I'll start with my question, and follow up with a little more info:

In your opinion, does the current 2004 FBC allow live load reductions in the High Velocity Wind Zone?

In the load combination section of Chapter 16 of the FBC for non-HVWZ areas it says that it's permitted to reduce the effect of any two or more live loads by 25% and add the dead load. I'm trying to figure out if that's allowed in the HVWZ.

Here's my take: In the HVWZ section at the end of Chapter 16 of the FBC-Building, their wording gets pretty convoluted as to whether it's permitted or not. It basically says that you can do whatever ASCE-7 says you can, and therein lies my hangup. In chapter 2 of ASCE7-02, one of the permitted load combinations appears to have the same 25% reduction in the live loads, but I'm not sure I'm interpreting it correctly.

I'm designing a wood LVL beam supporting roof trusses, and the software program I'm using takes this 25% live load reduction in the design of the LVL. I'm not sure whether or not this design is permitted in the HVWZ. I've got calls into the software tech people, but I imagine I'm in for several hours on hold with the national company before I'm able to find their resident expert in the FBC, if I can even find him or her.

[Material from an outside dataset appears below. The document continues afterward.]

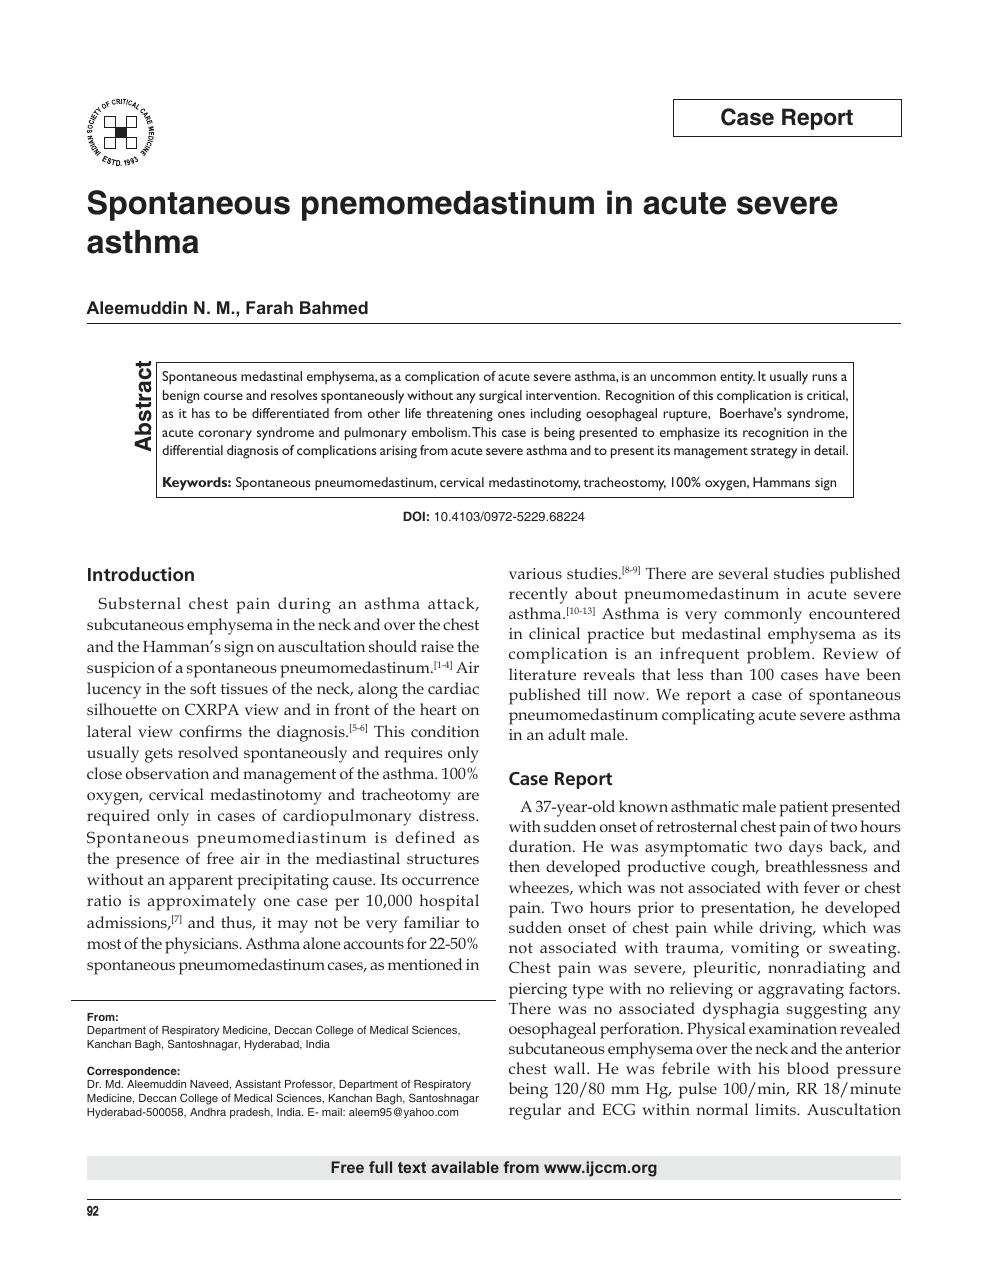 Spontaneous pnemomedastinum in acute severe asthma – topic

Any thoughts and opinions are appreciated.


----------



## grover (Aug 30, 2007)

I'm not a floridian structural engineer, but... isn't it safe to assume that under worst-case HVWZ conditions in Florida, all personnel (and their subsequent live load) would have been evacuated from the building?


----------



## MetroRAFB (Aug 30, 2007)

You would think, but that level of common sense doesn't make it into the pages of any building codes I've ever seen.


----------



## Guest (Aug 30, 2007)

^^^ I will echo that statement.

There are MANY times when people are told to leave ... imminent danger ... get out ... evacuate. Do you know there are some people who will just not leave?

So ... as far as grover's assumption. Survey says: GOOSE EGG hmy:

:laugh:

JR


----------



## grover (Aug 30, 2007)

OK, let me rephrase the question then, to accomodate the lowest common denominator:

I'm not a floridian structural engineer, but... isn't it safe to assume that under worst-case HVWZ conditions in Florida, all personnel (and their belongings) would have been evacuated from the building at appx 150mph?


----------



## MetroRAFB (Aug 30, 2007)

grover said:


> OK, let me rephrase the question then, to accomodate the lowest common denominator:
> I'm not a floridian structural engineer, but... isn't it safe to assume that under worst-case HVWZ conditions in Florida, all personnel (and their belongings) would have been evacuated from the building at appx 150mph?



Nope, some structures in the HVHZ have to withstand 150mph conditions without failure.


----------



## Guest (Aug 31, 2007)

^^^ Yeppers. Correct.

JR


----------



## GCracker (Sep 19, 2007)

I know I'm coming in a little late with this, but I believe the minimum roof live load in the HVWZ is 30 psf and non-reducible. I haven't designed a structure in south FL in the last 3 years, so it may have changed.


----------